# Confidence interval

• Oct 8th 2008, 06:59 AM
approx
Confidence interval
Suppose that a random variable Y has a gamma distribution w. parameters $\displaystyle \alpha = 2$ and an unknown $\displaystyle \beta$. We have earlier proved that $\displaystyle 2Y/\beta$ has a chi-square distribution w. 4 df. Using $\displaystyle 2Y/\beta$ as a pivotal quantity. derive a 90% confidence interval for \beta.

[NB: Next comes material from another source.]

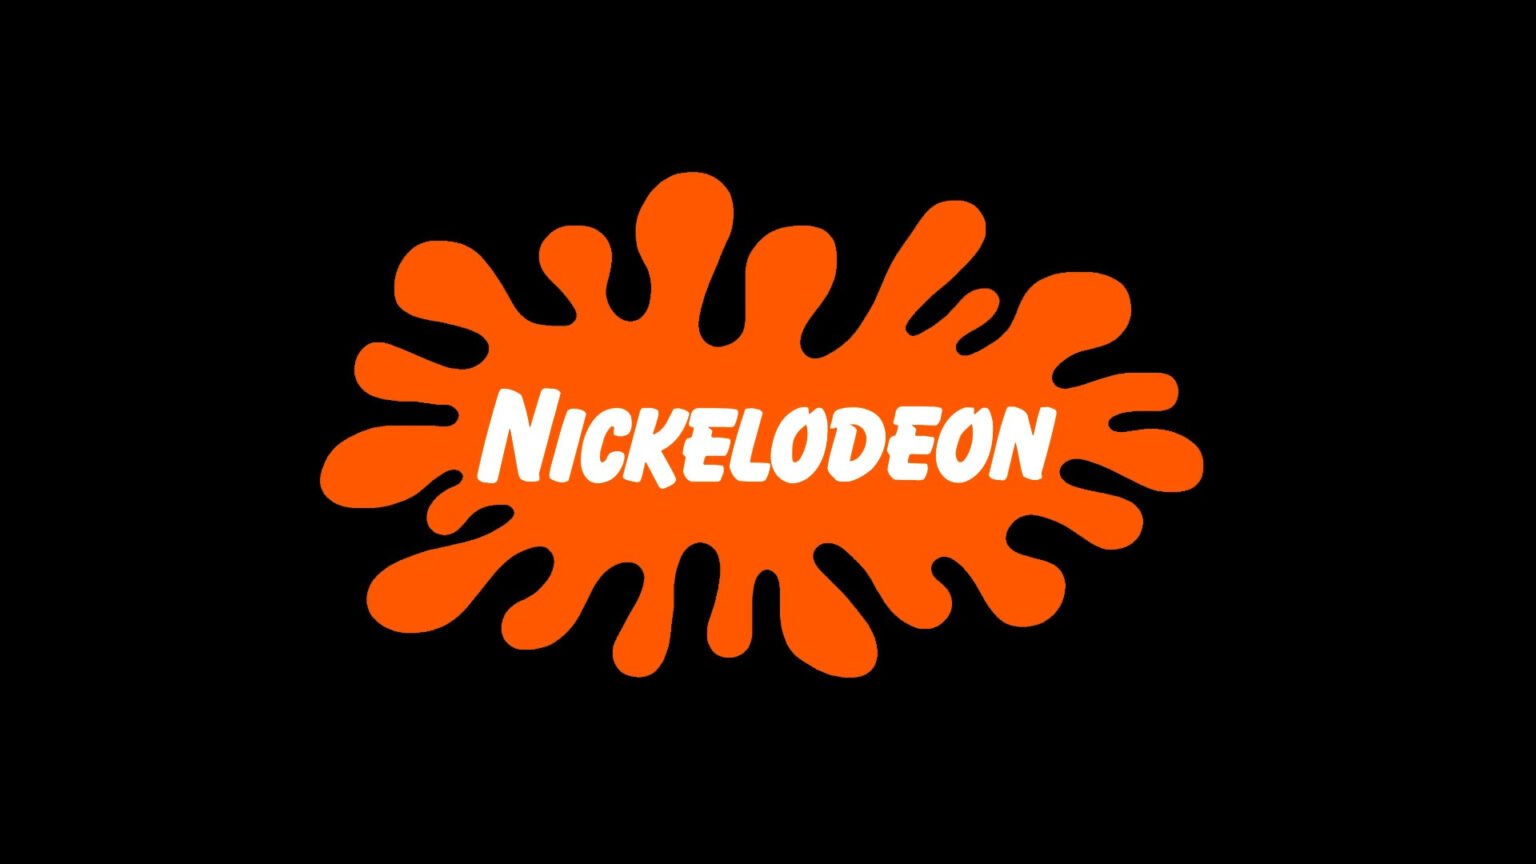 A cartoon smartwatch? But why? Nickelodeon sure sounds animated about this new concept, but will nostalgia help sell these watches?
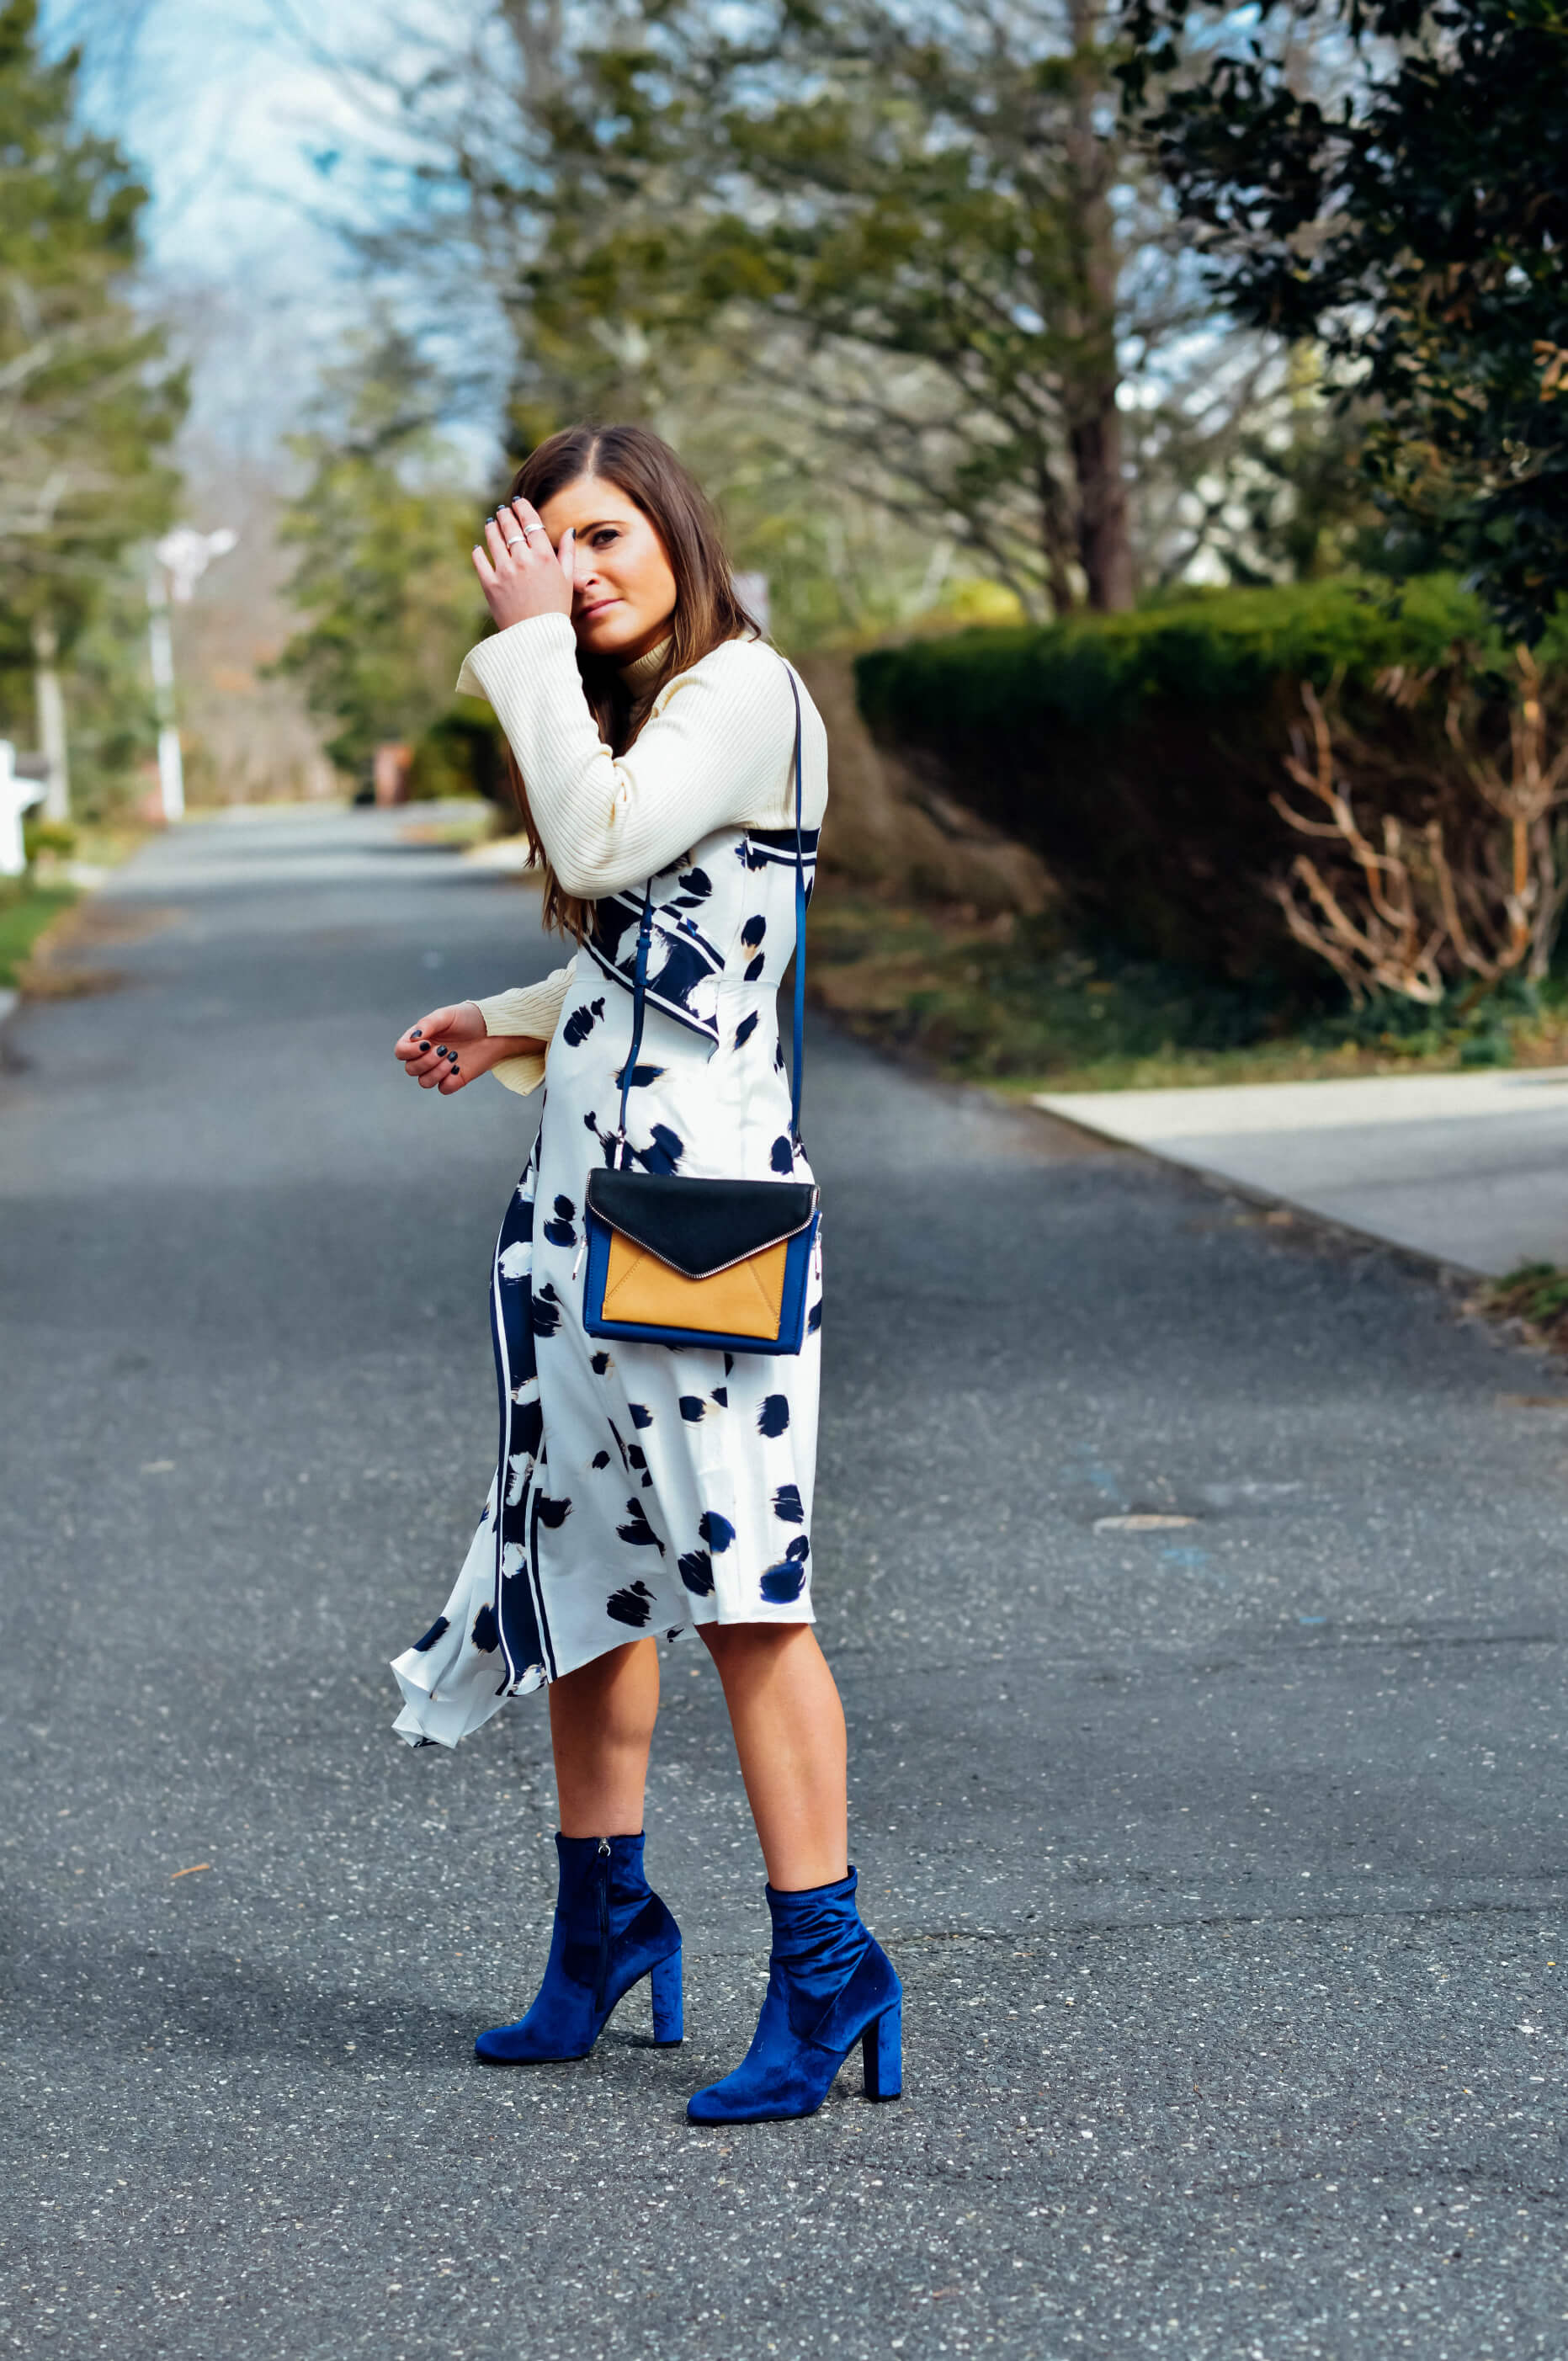 Banana Republic Dress, Rebecca Minkoff Bag, Spring Layers, Outfit Inspiration, Tilden of To Be Bright

I don't know if I'm on the right way. I create a new random variable $\displaystyle U = 2Y/\beta$ and look for $\displaystyle P(a\leq U\leq b) = 0.90$

=

$\displaystyle P(a\leq 2Y/\beta\leq b) = 0.90$

I then have a similar example in the book that tells me to set it up like this:

$\displaystyle P(U<a) = \int_{0}^{a}{} f(u) du = 0.05$

$\displaystyle P(U>b) = \int_b^\infty f(u) du = 0.05$

Must I derive the pdf of U manually or can I use that $\displaystyle 2Y/\beta$ is chi-square distributed and put in the pdf of a chi-square distribution?

That would be:
$\displaystyle (y)^{(\upsilon /2)-1}e^{-y/2}/2^{\upsilon/2}\Gamma (\upsilon /2)$ but with y=u and $\displaystyle \upsilon$ = 4
I've tried to do that but I don't get the right answer, which is $\displaystyle 2Y/9.49, 2Y/.711$.

• Oct 8th 2008, 06:40 PM
mr fantastic
Quote:

Originally Posted by approx
Suppose that a random variable Y has a gamma distribution w. parameters $\displaystyle \alpha = 2$ and an unknown $\displaystyle \beta$. We have earlier proved that $\displaystyle 2Y/\beta$ has a chi-square distribution w. 4 df. Using $\displaystyle 2Y/\beta$ as a pivotal quantity. derive a 90% confidence interval for \beta.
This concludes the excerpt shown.